* _About this task_:
Among the entries below, copy only the span from the line containing "Man United vs" through the line containing "Chocolate Day Images For Husband Download". Do so exactly, and skip the pictures.

Top of Records shown

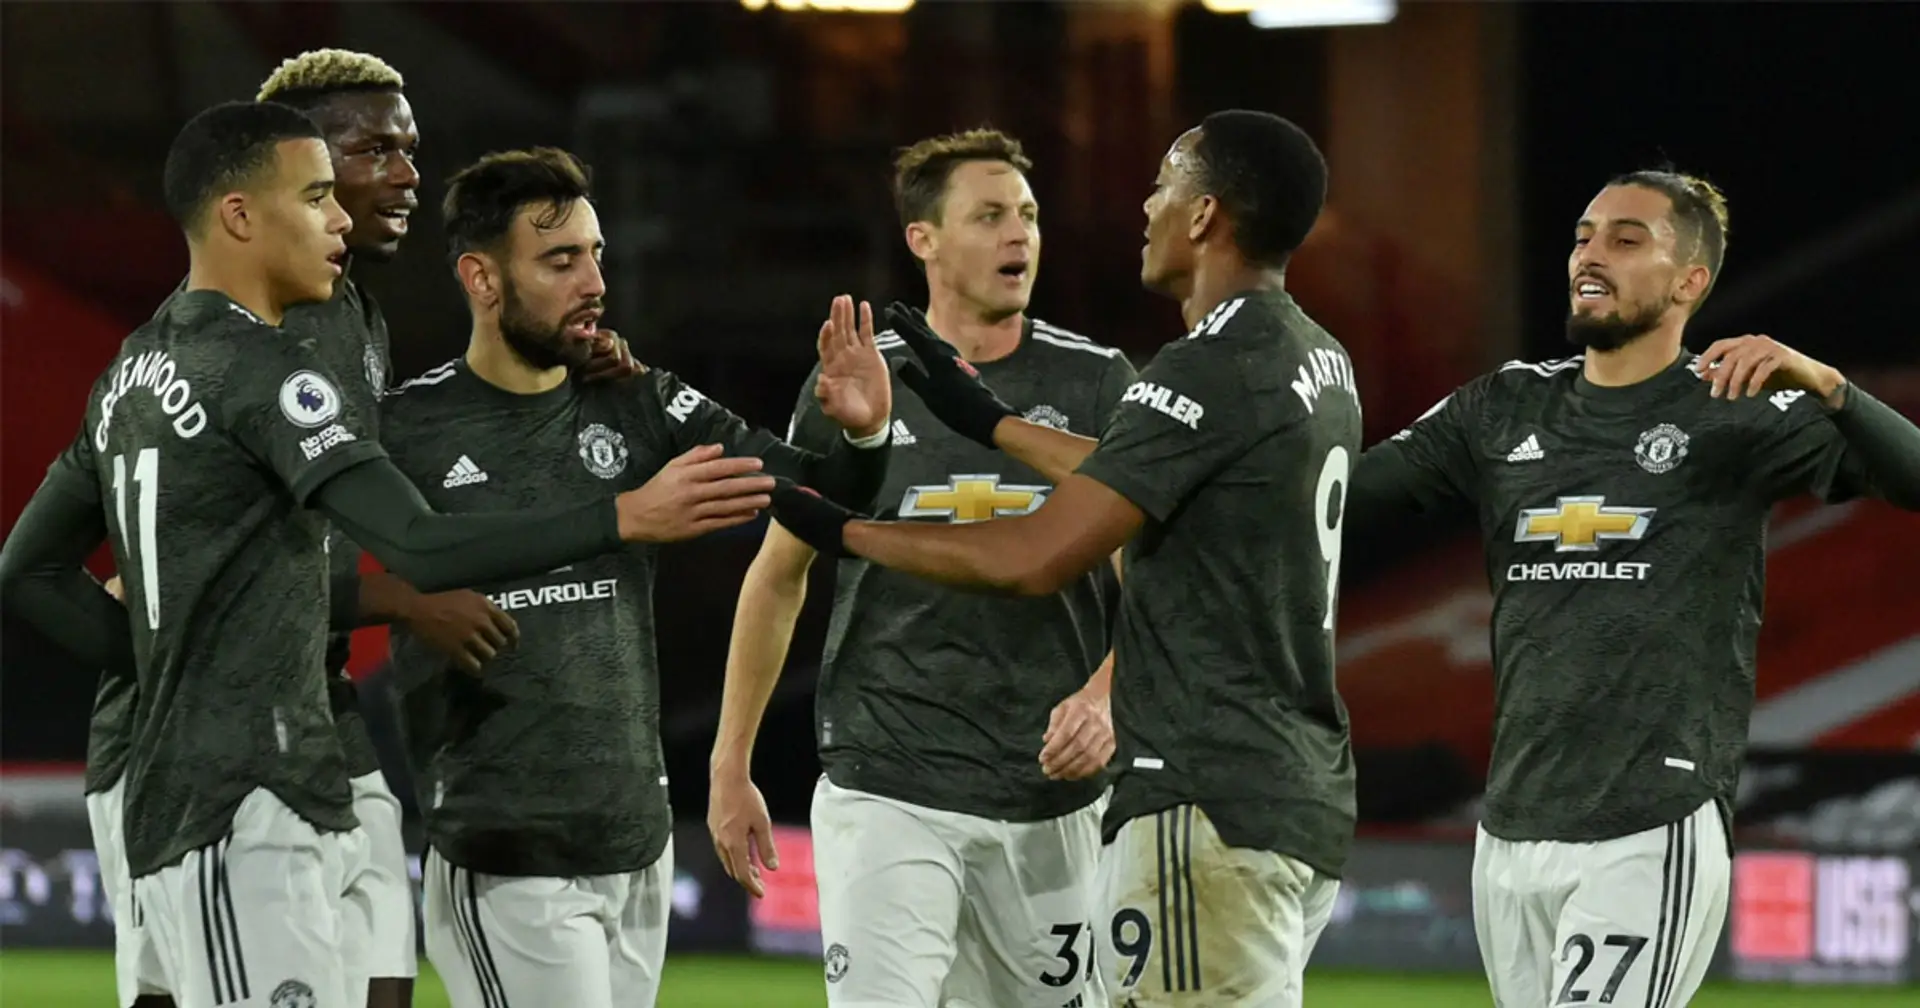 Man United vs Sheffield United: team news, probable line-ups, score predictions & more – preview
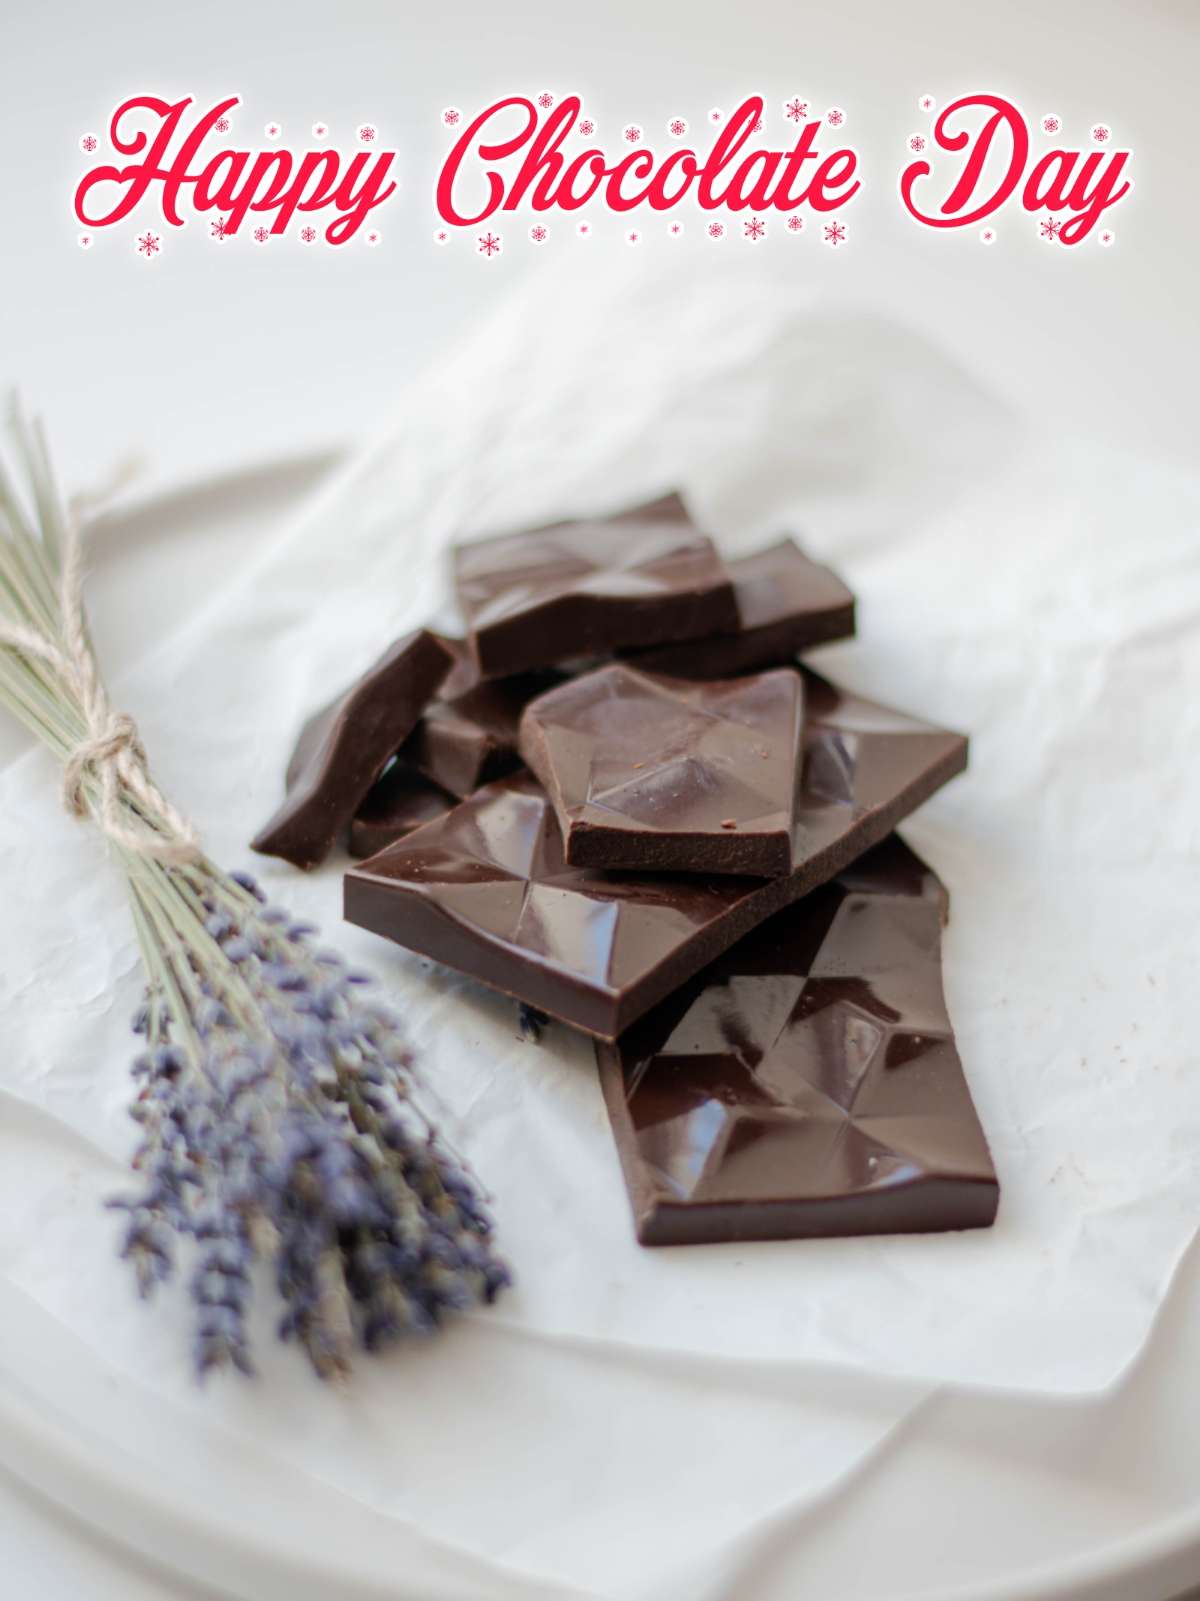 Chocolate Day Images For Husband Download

Bottom of Records shown
Top of Records shown

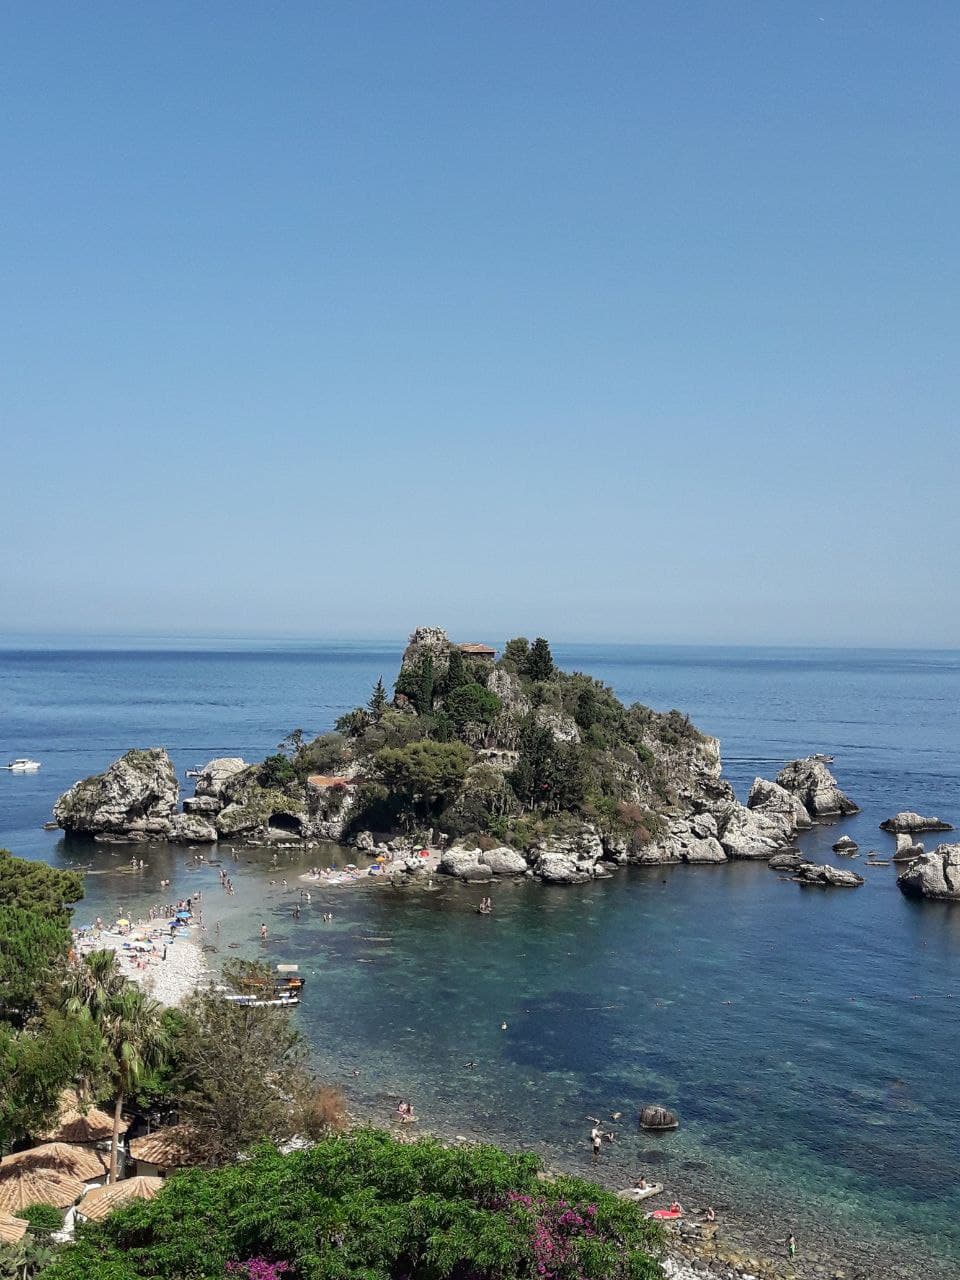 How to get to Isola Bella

Bottom of Records shown

* _Output for this exercise_:
 Man United vs Sheffield United: team news, probable line-ups, score predictions & more – preview
 Chocolate Day Images For Husband Download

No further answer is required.